Sometimes, I do nothing with the images. It’s almost as if the simulated old-school camera noise made by simultaneously pressing the top and bottom button of my iPhone – *click!* – is enough. Usually I forget I have them saved until someone else goes through my phone and calls me out for my creepy catalogue of the aforementioned individual’s Instagrams.

“Erm…I’m saving those for my Pinterest board,” I lie.

But really, what I do with them is text the shots to one of my friends in all-caps exclamations like, “LOOK AT ME I AM SO PERFECT I HAVE A HAT THAT MATCHES MY DOG.”

For absolutely no reason, this happy individual annoys me. I’ve always chalked it up to my Larry David-ian tendencies, but recently it’s made me feel guilty. I’m not a mean person, so why the unprovoked digs?

According to The New York Times, I’m not alone in my habit.

One of our fantastic readers passed along an article titled “Hate-Reading: Love to Loathe You, Baby,” which describes exactly what I do and points to the fact that it’s almost inevitable among our society today. That lonely feeling brought on by too much digital socializing?
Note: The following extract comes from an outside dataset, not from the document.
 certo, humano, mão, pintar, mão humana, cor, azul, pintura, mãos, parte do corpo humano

Maybe we try to fill its void by connecting to others in the most juvenile possible way: making fun of something. Studies show that it’s when we are feeling sad, or vulnerable, that we’re most inclined to reach for a hate-read.
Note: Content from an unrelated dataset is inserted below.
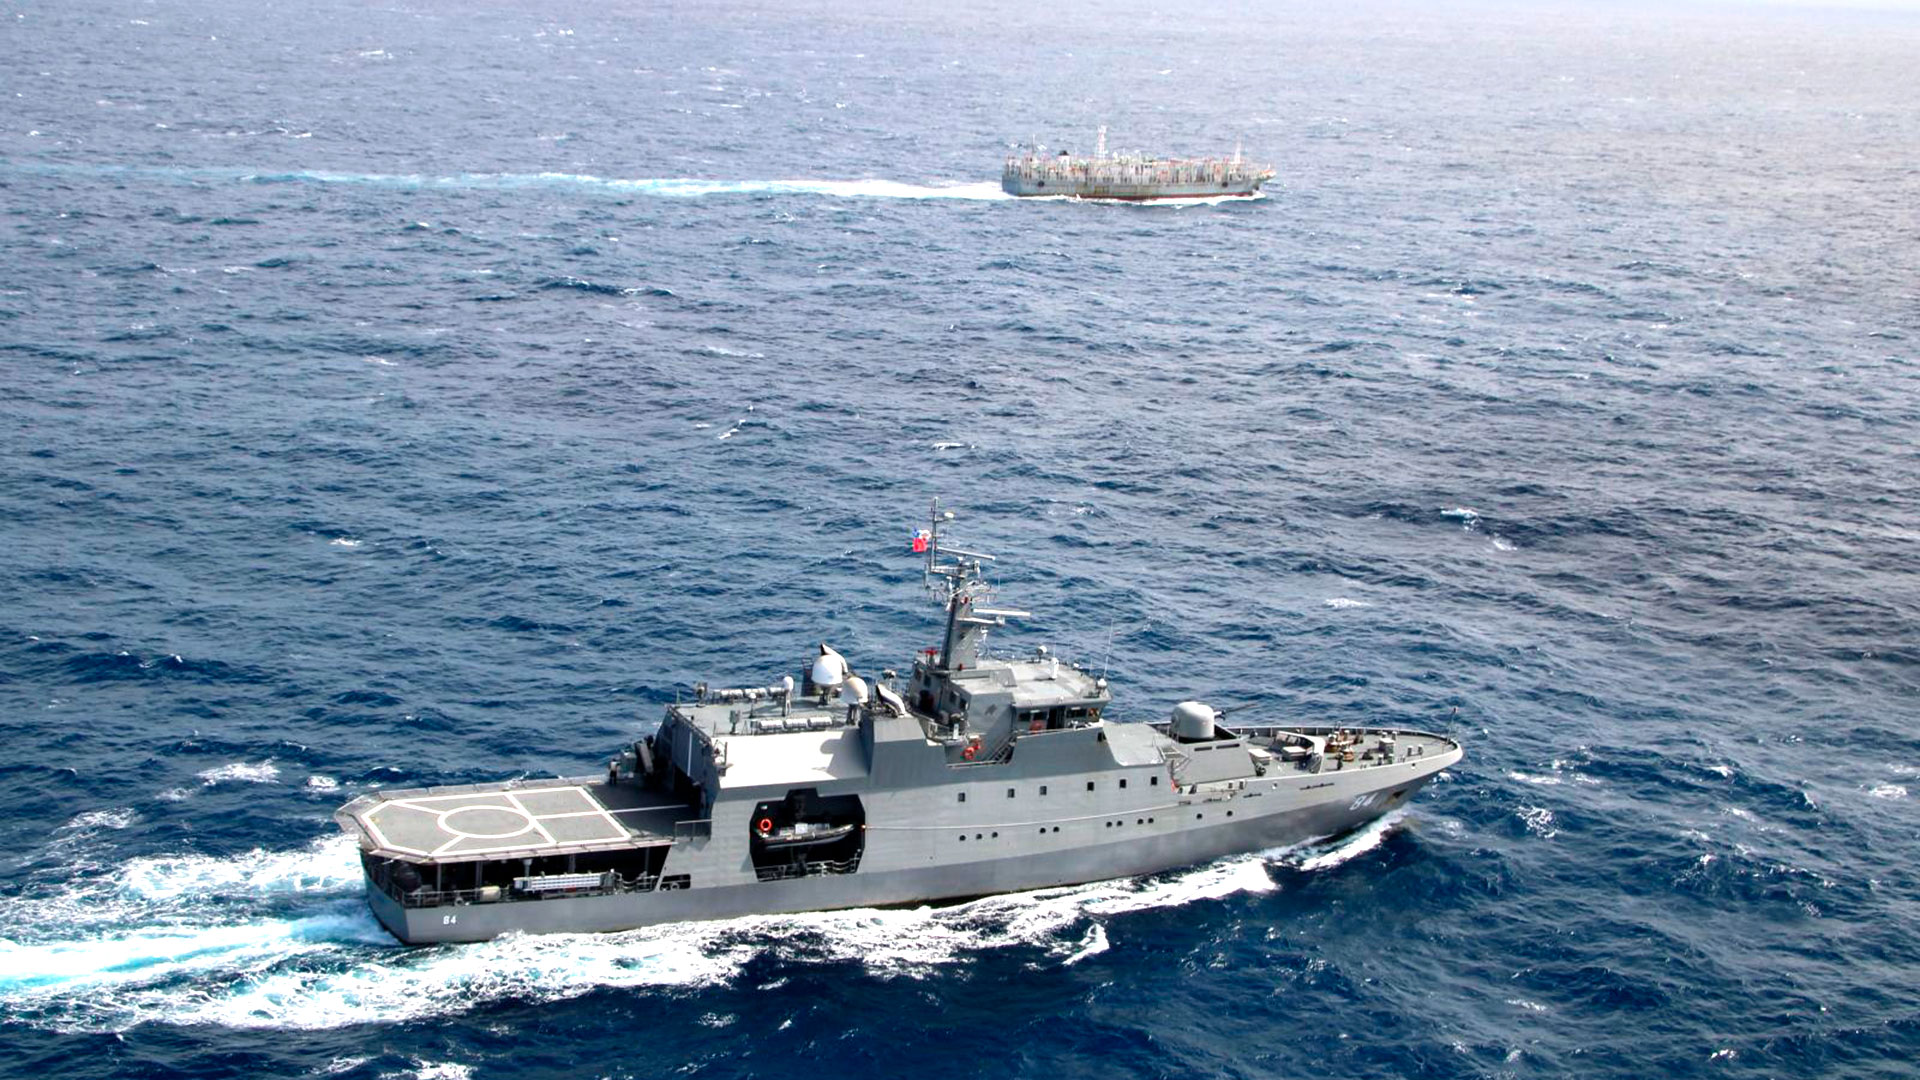 La Armada de Chile ha ido aumentando progresivamente su dotación de buques, aviones y helicópteros para mantener mayor fiscalización sobre la escuadra de barcos pesqueros chinos que transitan en sus aguas territoriales

The thing of it is, when my close friends post pictures of babies and engagements, vacations and birthdays, I’m happy for them. I comment things like, “You look so pretty!,” “She’s beautiful!,” “Congratulations!,” and I mean it.

Is it possible that I’m only annoyed by this individual because I resent our falling out of touch? If I don’t actually know what’s going on in — fine, her life — it’s easier for me to assume she’s filtered it through Valencia one too many times.

Maybe, as the article points out, it’s because in some weird way, I actually kind of miss her, just like literature’s beloved Holden Caulfield ragged on everyone he once knew.

“At the end of ‘The Catcher in the Rye,'” writes the NY Times author, “he nostalgically name-checks a string of phonies and tormentors whom he has railed against for his entire monologue: ‘I sort of miss everybody I told about. Even old Stradlater and Ackley, for instance. I think I even miss that goddam Maurice. It’s funny. Don’t ever tell anybody anything. If you do, you start missing everybody.’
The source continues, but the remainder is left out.